The CCA Ad Library is an online collection of over 4,000 LGBTQ+-themed ads from over 33 countries and hundreds of companies and ad agencies since 1917. It contained "video clips, still photo storyboards, descriptive critiques, and indexing to more than 600 television and print media ad representations," sortable by various statistics and also by overall depiction or message about gayness, "categorized as vague, neutral, positive, or negative." The site includes ratings, consumer feedback, Advertising Best Practices, and other resources.

The Best Practices guidelines outlined how to create respectful ad representations of LGBTQ+ people to be used as part of advertising training.

Each year, the organization seeded 40-50 press stories and conducted worldwide advertising tracking and analysis of LGBTQ+ representations, complete with ratings and visitor feedback.

The CCA published original data reports on LGBTQ+ sponsorship spending, top spending companies, and top earning LGBTQ+ organizations and events.

== History ==
The Commercial Closet Association was founded in 2001 "as a way to track and document [LGBTQ+ themed advertisements." It developed out of work by Advertising Age magazine business journalist Michael Wilke, who was known for his work in writing about gay and lesbian matters in advertising. He had created a video program in 1997 called "The Commercial Closet", which was presented at film festivals internationally, and in 2001, Wilke was funded by broadcast historian Michael Collins, then of Quinnipiac College of Connecticut, to start a full nonprofit organization by the same name. The project received pro-bono work from web development firm Mediapolis and designer Stephen Mack of Gnomist to develop the first version of CCA's online advertising library and ad ratings system at CommercialCloset.org. In 2004, the name evolved to Commercial Closet Association to indicate that it was an organization and to distinguish it from the educational programs it produced.

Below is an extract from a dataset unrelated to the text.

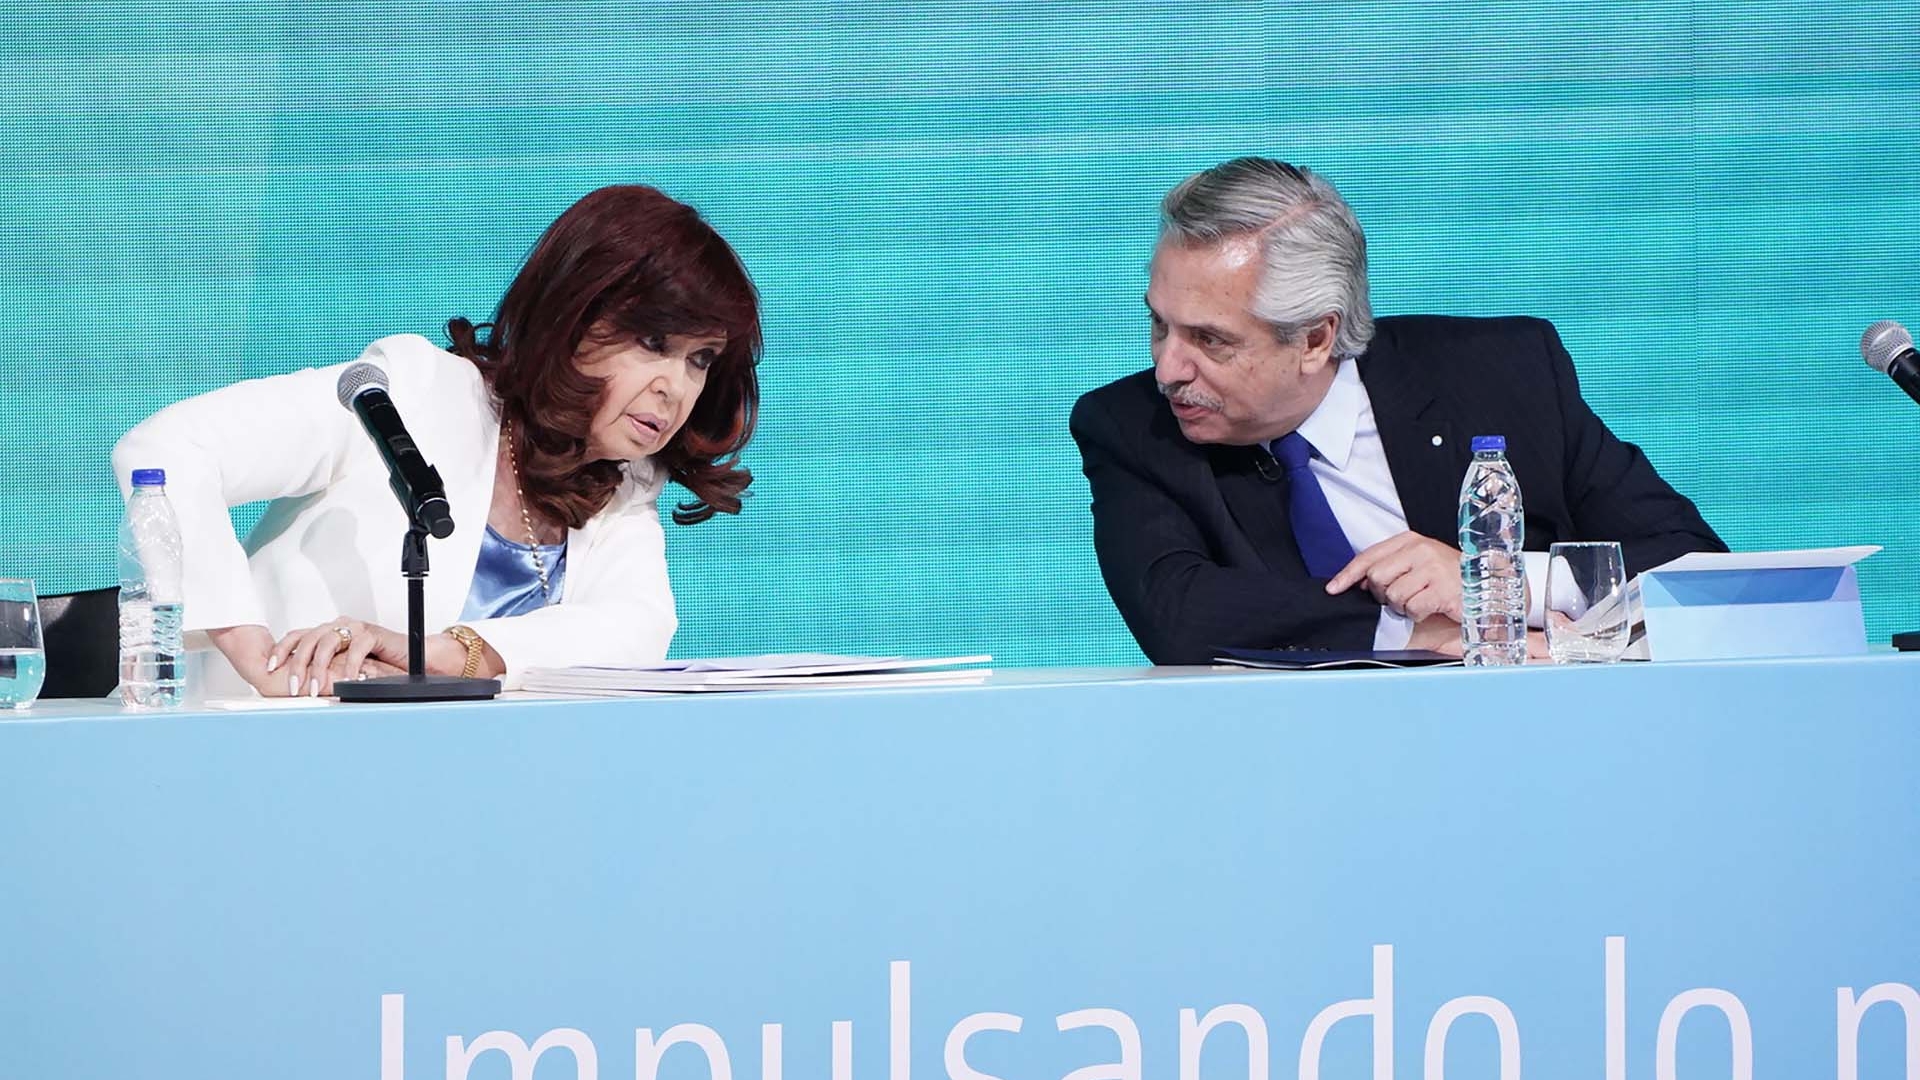 Pax armada. Cristina Kirchner y Alberto Fernández bajaron el tono de la confrontación. (foto Franco Fafasuli)

Wilke had written about LGBTQ+ issues with Inside Media, Advertising Age (Crain Communications), Adweek (Nielsen Company), and other publications since 1992. He is credited with coining the term "gay vague" in 1997 while at Advertising Age. He served as the New York chapter president of the National Lesbian and Gay Journalists Association from 1998–2000, received a 1998 honor at the GLAAD Media Awards for his journalism on LGBT in related industries, was honored in 2001 as one of the "OUT 100" by Out magazine, and was a 2002 Crain Lecturer at the Medill School of Journalism at Northwestern University. He was a judge for the 2006 Association of National Advertisers Multicultural Excellence Awards. He writes a syndicated national column, The Commercial Closet, for LGBTQ+ newspapers and web sites.

The CCA began its Images in Advertising Awards in 2004, running until at least 2008.

In 2009, the Commercial Closet Associate's board of directors announced its closure and merger with GLAAD.

In December 2012, the Commercial Closet website was to be shut down by GLAAD but Wilke intervened and relaunched the project under the new name AdRespect.

==Partnerships and sponsors==

CCA is supported through foundation grants, corporate sponsorships, fundraising events, membership, individual donations, and training fees.

CCA has or had partnerships with advertising and media industry groups and with the LGBTQ+ organizations in the United States. Ad industry groups included the Association of National Advertisers and the Advertising Educational Foundation. Media included The New York Times, Sirius Satellite Radio, and Adweek. Gay community groups include the Human Rights Campaign, the Gay Lesbian Straight Education Network (GLSEN), and also GLAAD, pre-merger.

GLSEN carried a Student Viewing Guide for teachers, and Human Rights Campaign carried the CCA's monthly LGBTQ+ advertising issues column, the Advertising Best Practices, and excerpts from Commercial Closet in the marketing section of WorkNet.

The Images in Advertising Awards were sponsored by ad agencies including Lowe Worldwide, Arnold Worldwide, Interpublic Group, SSH+K, and others.